Yang joined the program to become an astronaut in 1998. Then-President Jiang Zemin had resumed the manned space program in 1992; it had been canceled in the 1970s for lack of funds. Chinese journalists said Jiang, who remains the head of the Central Military Commission, China's highest military body, had been scheduled to speak with Yang during his orbit and was expected at the Jiuquan launching site. But he did not appear, journalists said.
On two occasions on state-run TV news Wednesday night, Hu was shown saying that he was representing Jiang. Later, Gen. Cao Gangchuan, the head of China's space program, was shown speaking to Yang while he was in orbit. Cao also said he was representing Jiang, whose failure to appear prompted some speculation about his political standing. Hu, his successor, dominated Wednesday night's news, which aired long portions of two of his speeches on the space launch.

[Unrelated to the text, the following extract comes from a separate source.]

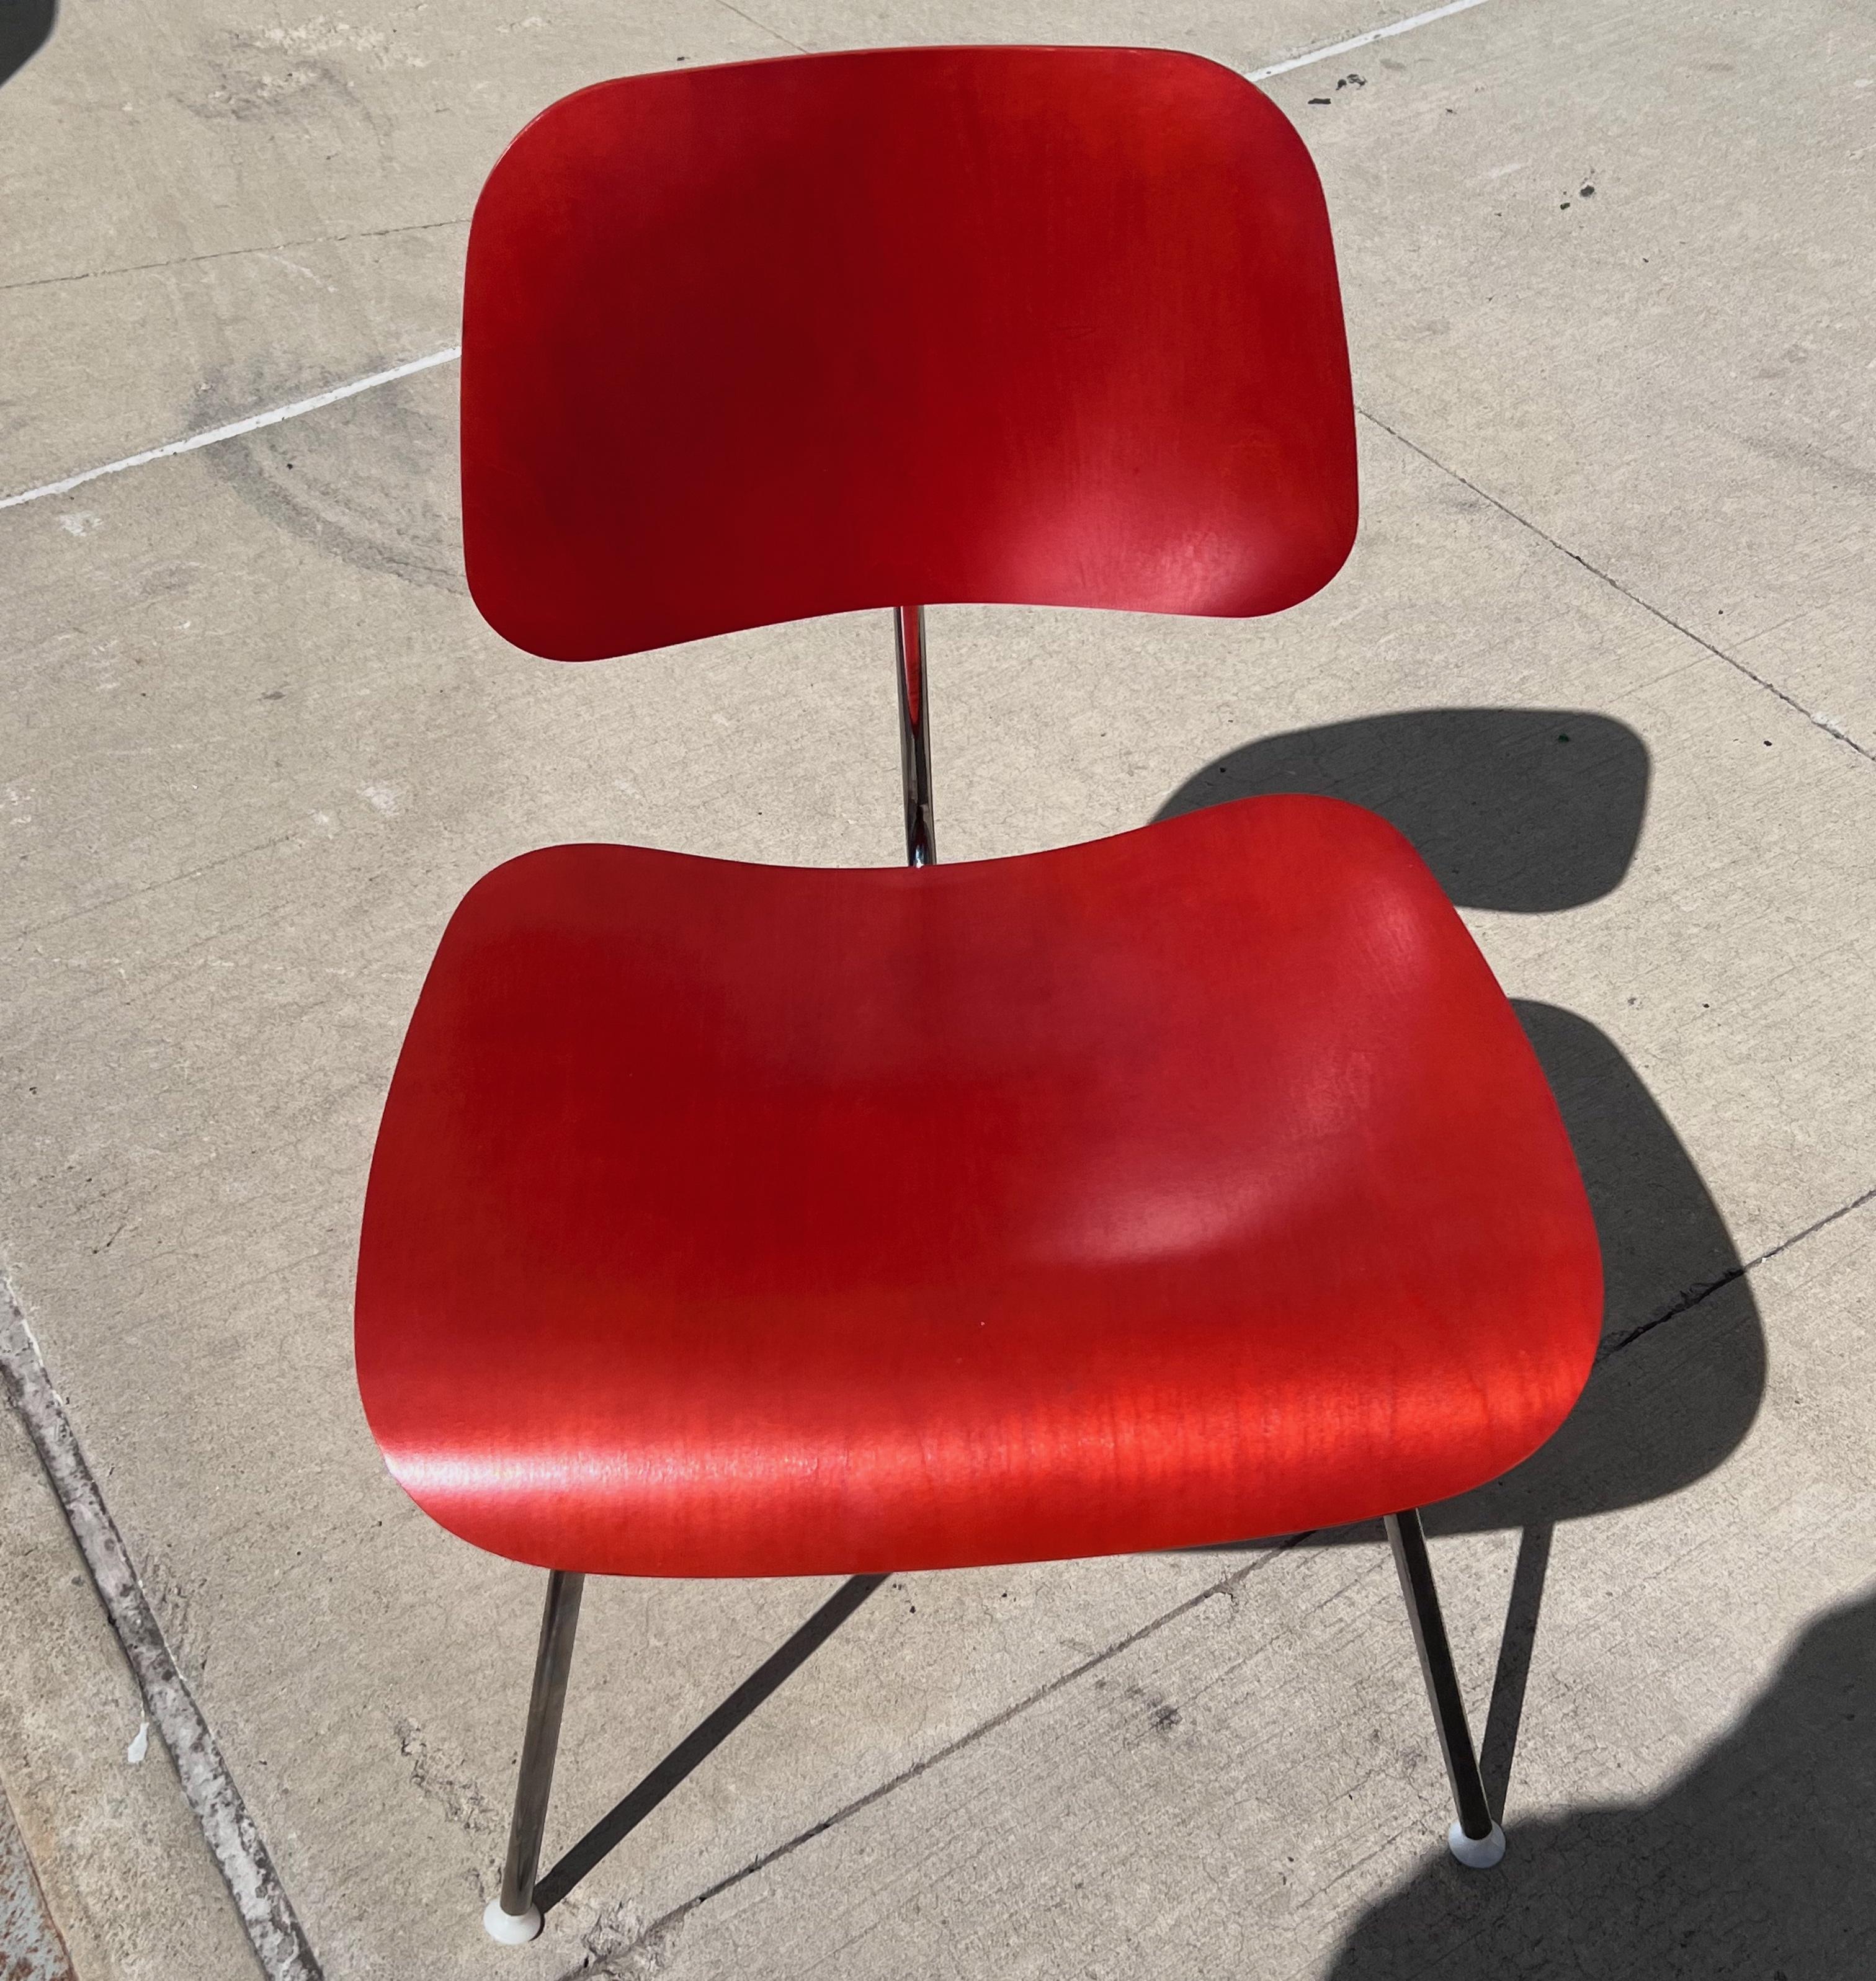 Charles und Ray Eames DCM-Stuhl aus Rotbuche, Herman Miller, Esszimmerstuhl, Beistellstuhl. Etikettiert. Entworfen im Jahr 1946. Produziert im Jahr 2017.

Ein authentischer Eames-Stuhl für alle Fälle - eine schöne Ergänzung für jeden Esszimmertisch

But beyond the propaganda, there was a sense of joy and wonder among many Chinese that their country, which they have been taught has been downtrodden for 150 years, had joined another elite club.
"I am proud that we Chinese have the capability to worry about our astronaut," said Zhou Qingan, a 26-year-old PhD candidate at Tsinghua University. "Just imagine if we were a poor country and had no advanced technology, then it would not be necessary for us to worry about him at all."
Aboard the international space station, according to the Associated Press, American astronaut Edward Lu, whose parents were born in China, spoke in Chinese as he addressed these wishes to Yang: "Welcome to space" and "Have a safe journey and I wish you success."
His colleague, Russian cosmonaut Yuri Malenchenko, told Mission Control in Houston: "I am glad to have somebody else in space instead of me and Ed. Also, I know it was great work by thousands and thousands of people from China."